The demographic characteristics of the patients we studied was comparable to those in previous studies of functional ability [1114] (data not shown). Most of the clinical and laboratory variables, as well as the mean HAQ score, improved after 6 months of treatment with DMARDs. Although our study had no control group, we postulate, from the similarity of our results to those of previous studies, in which there was a significant correlation between the HAQ score and many clinical variables, that the Thai version of the HAQ is valid as a parameter for the measurement of functional ability [1114].

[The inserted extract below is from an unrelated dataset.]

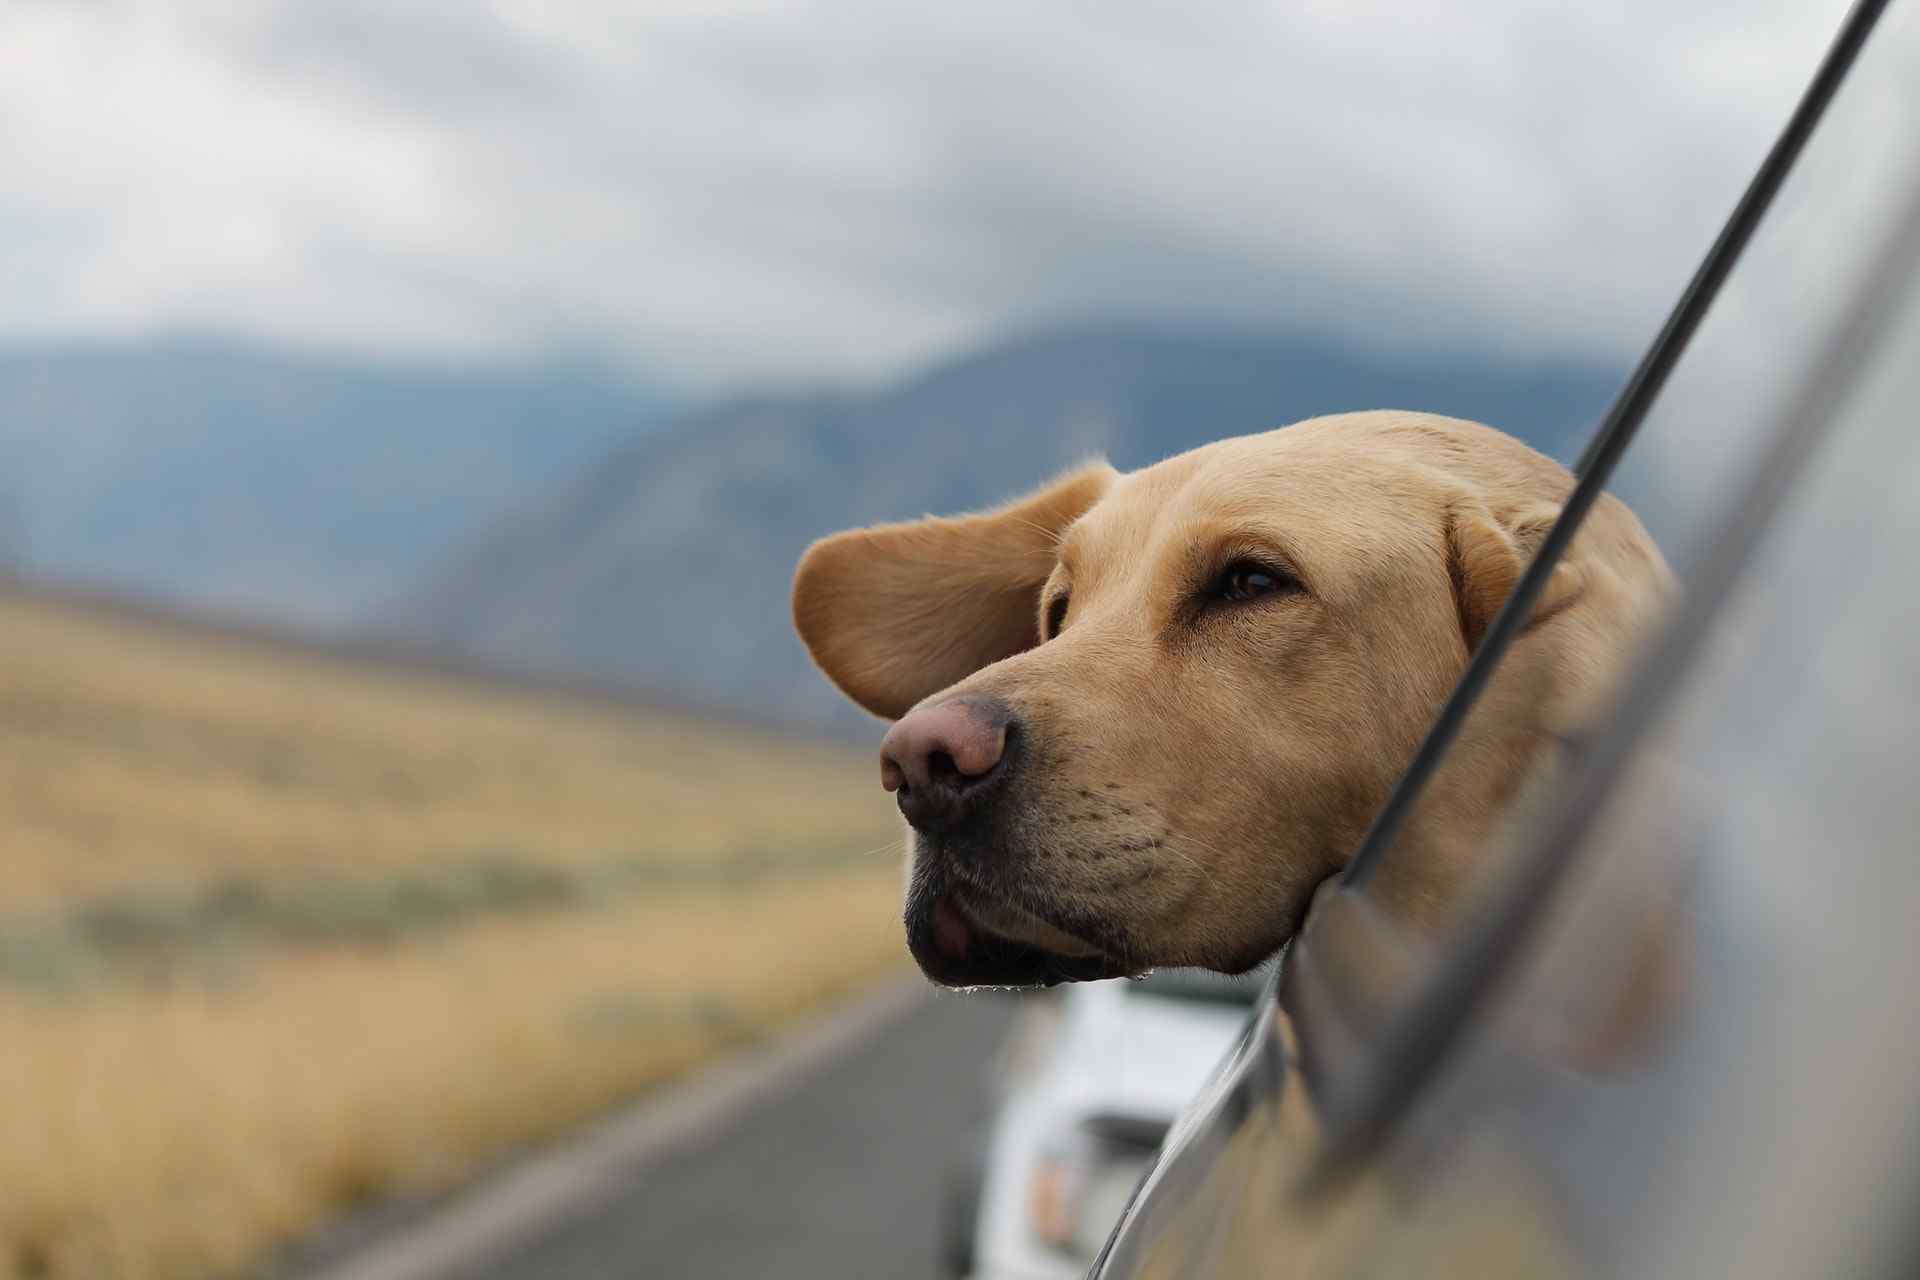 How To Remove Dog Hair From The Car (9 Top Tips and Prevention)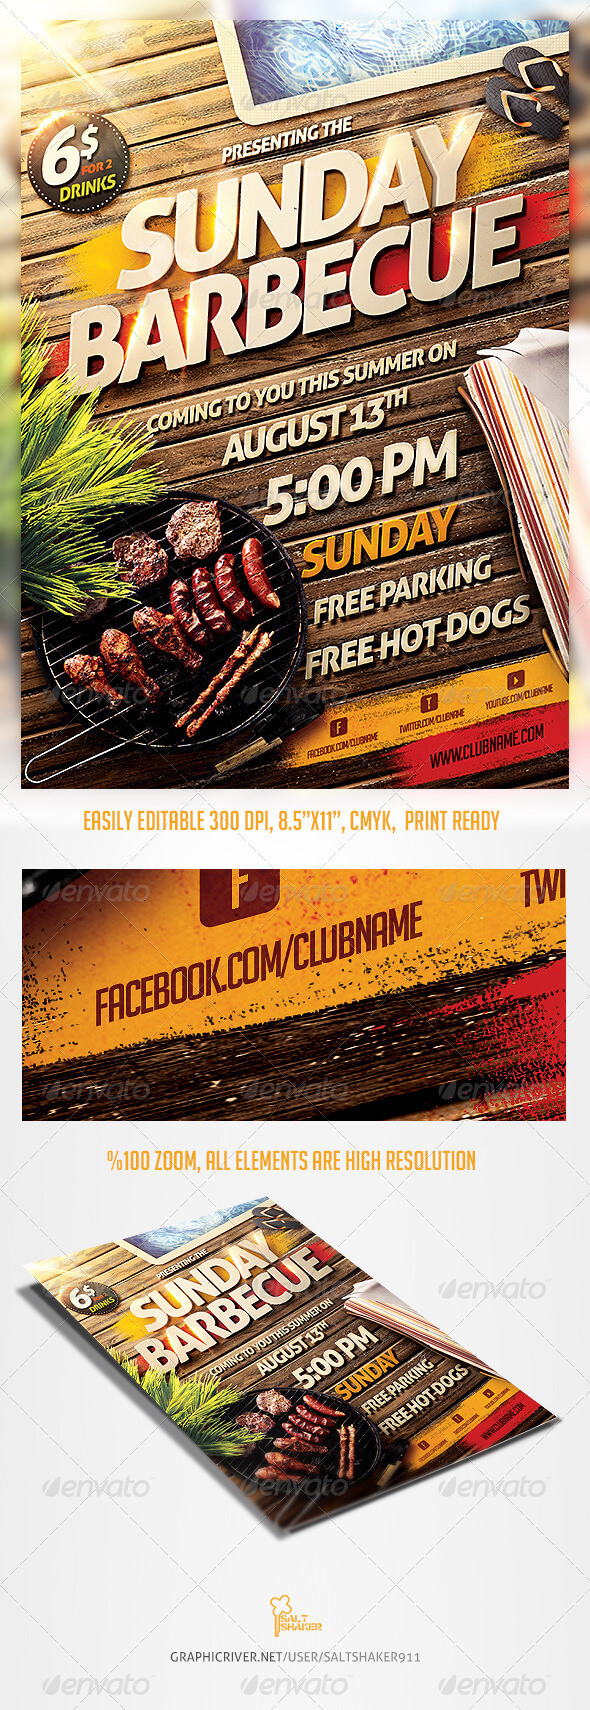 Bbq Graphics, Designs & Templates From Graphicriver Regarding Bbq Fundraiser Flyer Template

The addition of the two activities commonly performed by Thai people to the items in the original HAQ did not alter the scores of the Thai HAQ. The mean HAQ scores calculated by the two methods correlated significantly with each other. The two extra activities reflected the coordination of several groups of joints and muscles. Both activities remained impaired after the improvement of others, so they may be useful for predicting long-term disability. We recommend the permanent addition of these two questions in the Thai version of the HAQ, because they provide additional information about the functional ability of Thai patients with RA.
Although the average HAQ scores balanced the weights from each activity of the HAQ, the first (original) scoring method showed a larger change in the Thai HAQ scores than the alternative method (Table 2
). This may be important when one is attempting to detect small differences, as the original scoring method is more sensitive to change (J. F. Fries, personal communication).
The Thai HAQ scores correlated significantly with some clinical variables after 6 months of DMARD treatment, which agrees with the results of other validity studies of the HAQ. This supports the validity of the Thai version of the HAQ, as reported for the previous different language versions of the HAQ [1114].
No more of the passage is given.